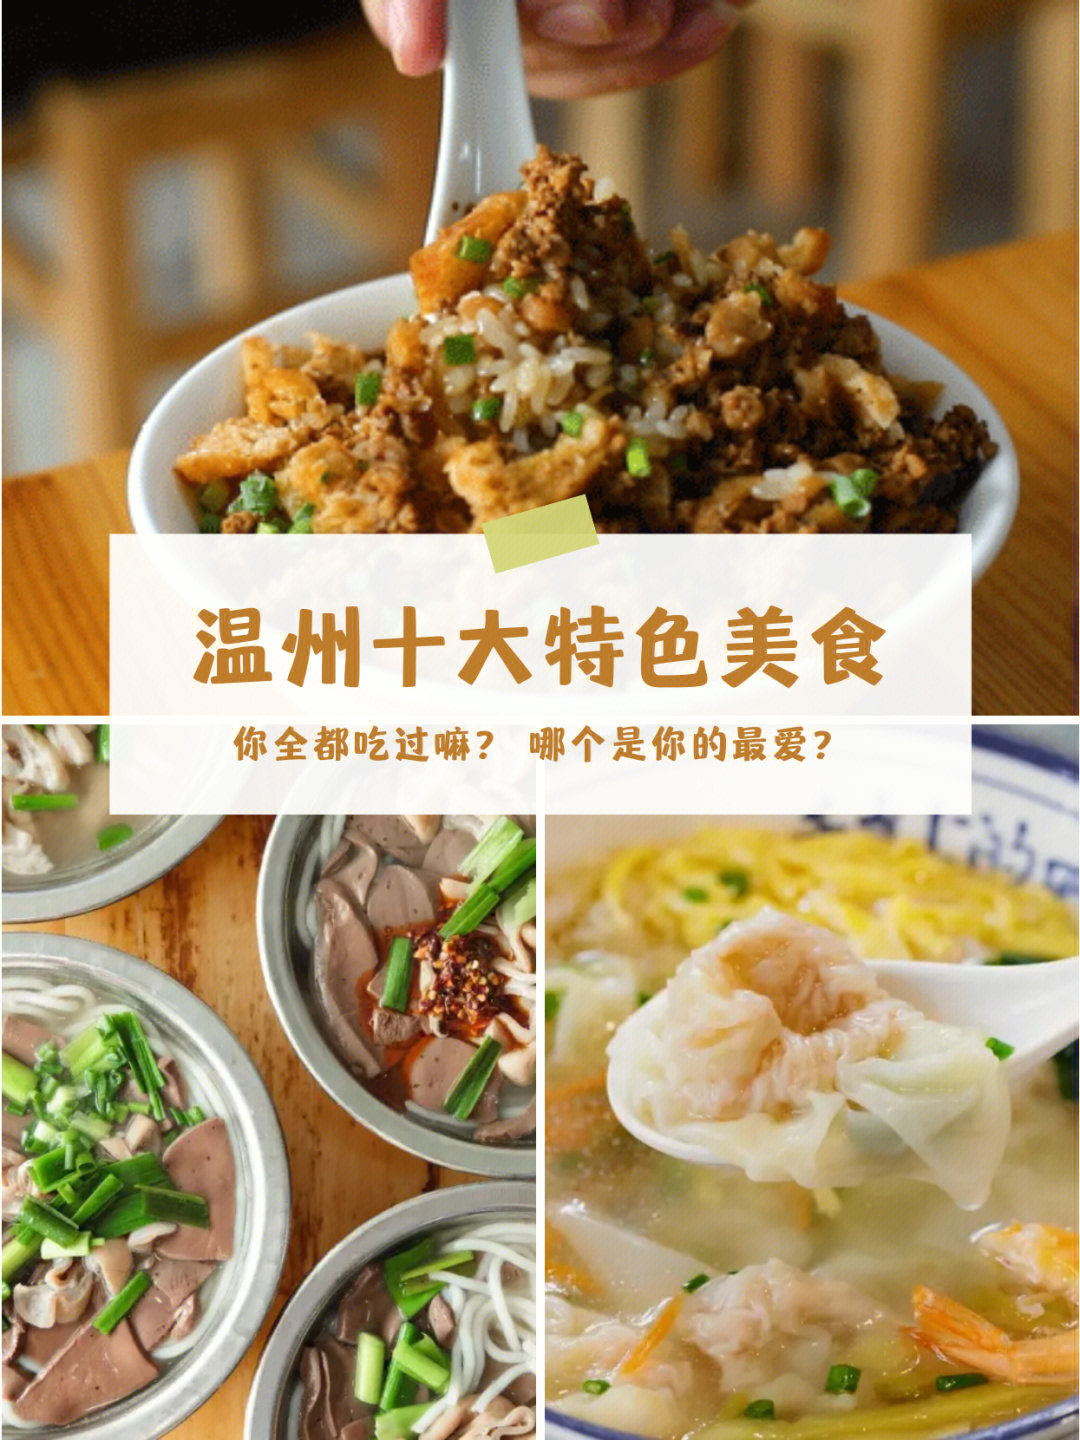 66温州鱼丸温州鱼丸是浙江温州的一道名吃,也被列入了中华名小吃
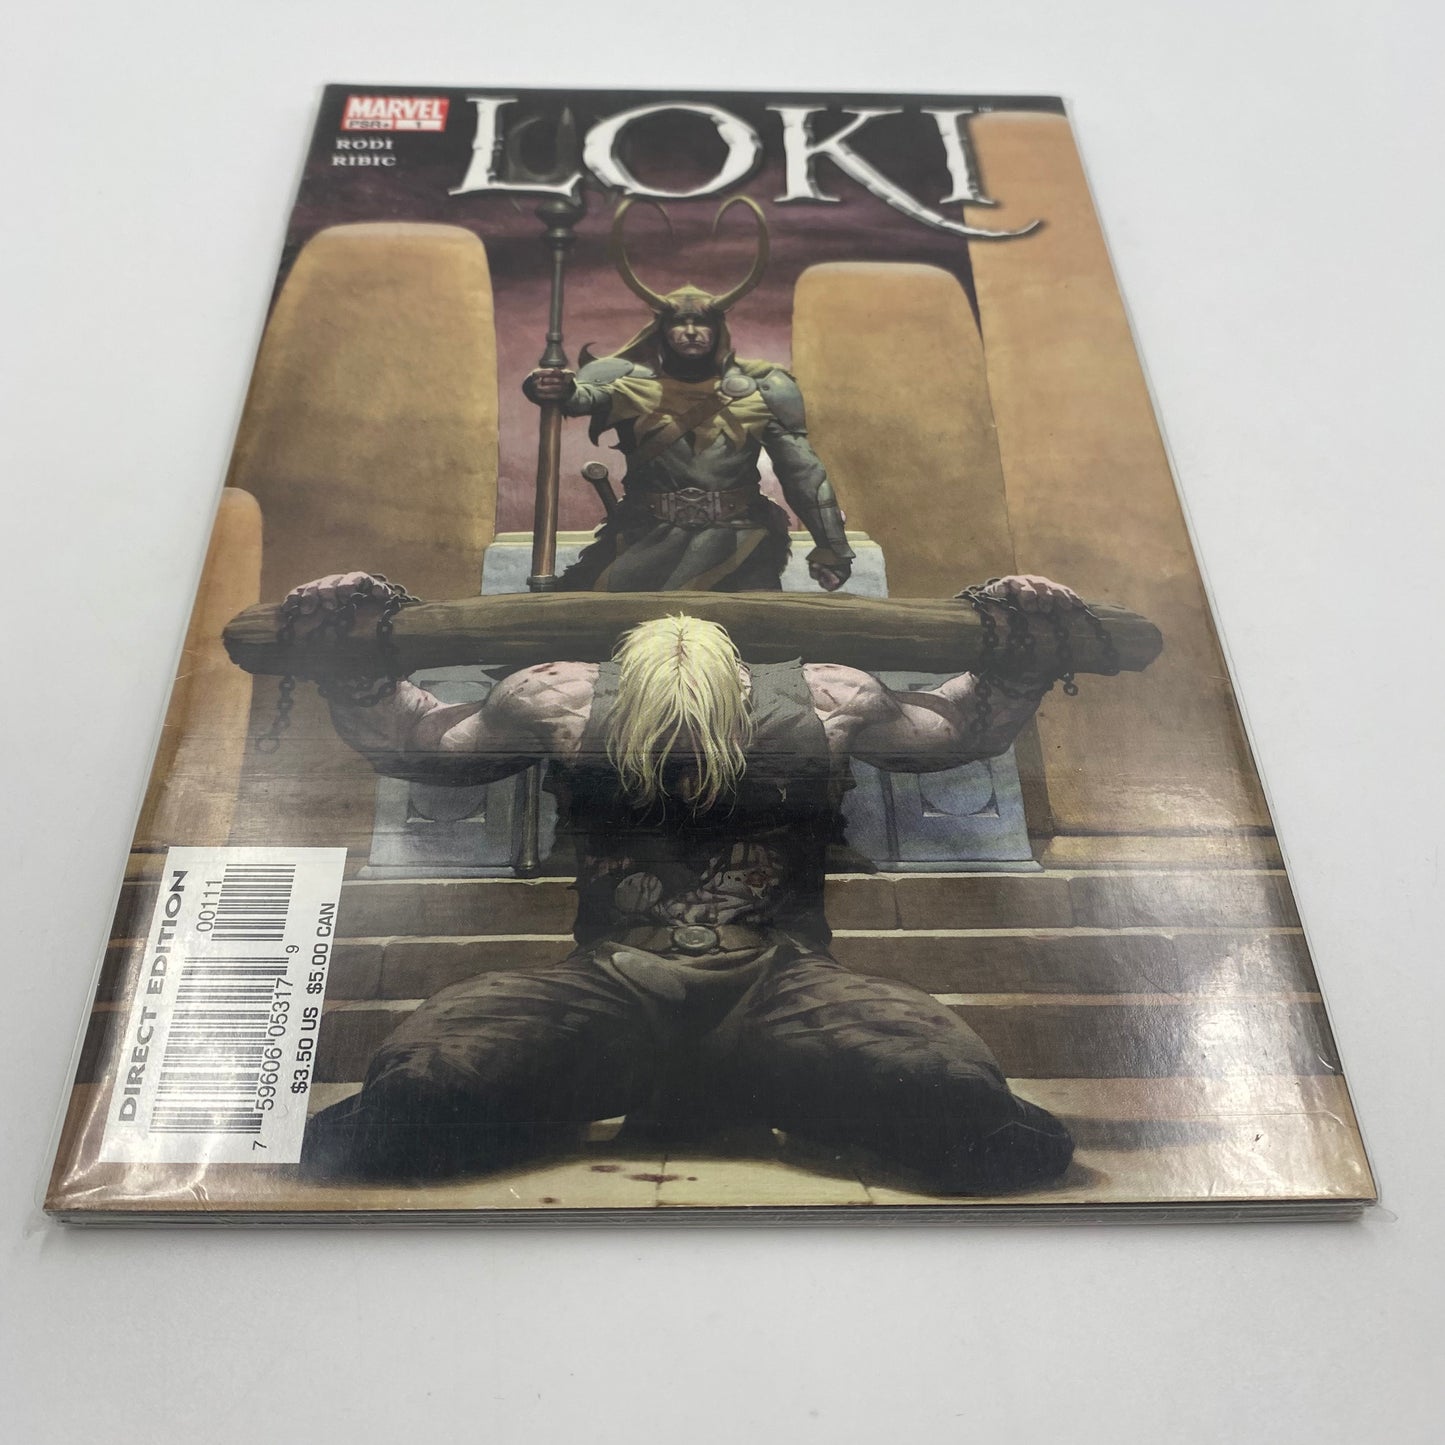 Loki #1-4 (2004) Marvel
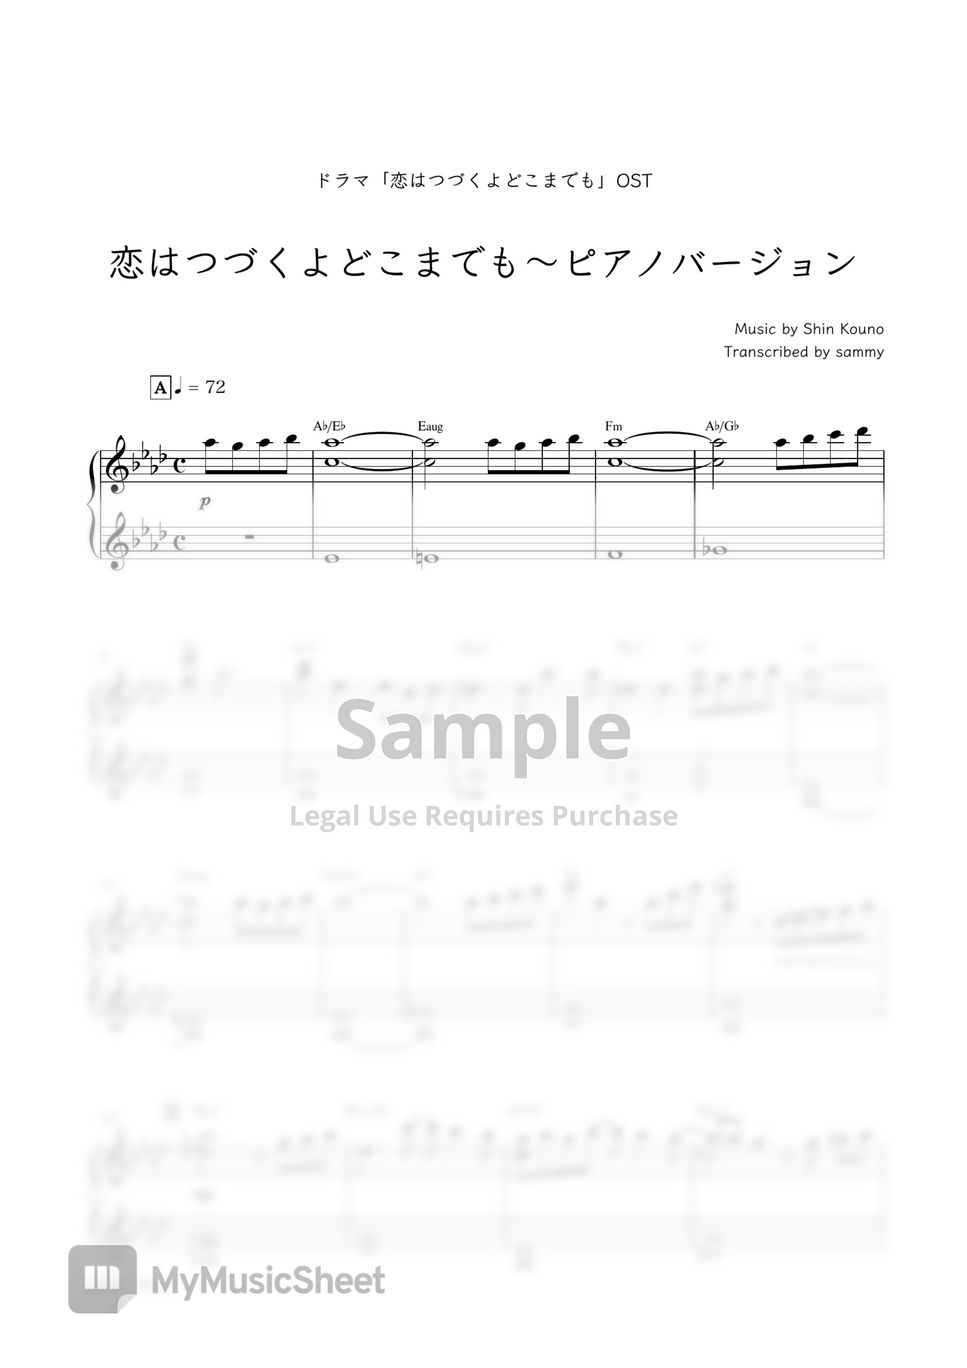 일본드라마《사랑은 계속될 거야 어디까지나 (恋はつづくよどこまでも)》OST - An Incurable Case of Love~Piano Version (恋はつづくよどこまでも〜ピアノバージョン) by sammy

- - - - - - -

Assignment: Each line above is to be copied exactly, and the pictures are to be dropped.

Exercise result:
 66温州鱼丸温州鱼丸是浙江温州的一道名吃,也被列入了中华名小吃
 Loki #1-4 (2004) Marvel
 일본드라마《사랑은 계속될 거야 어디까지나 (恋はつづくよどこまでも)》OST - An Incurable Case of Love~Piano Version (恋はつづくよどこまでも〜ピアノバージョン) by sammy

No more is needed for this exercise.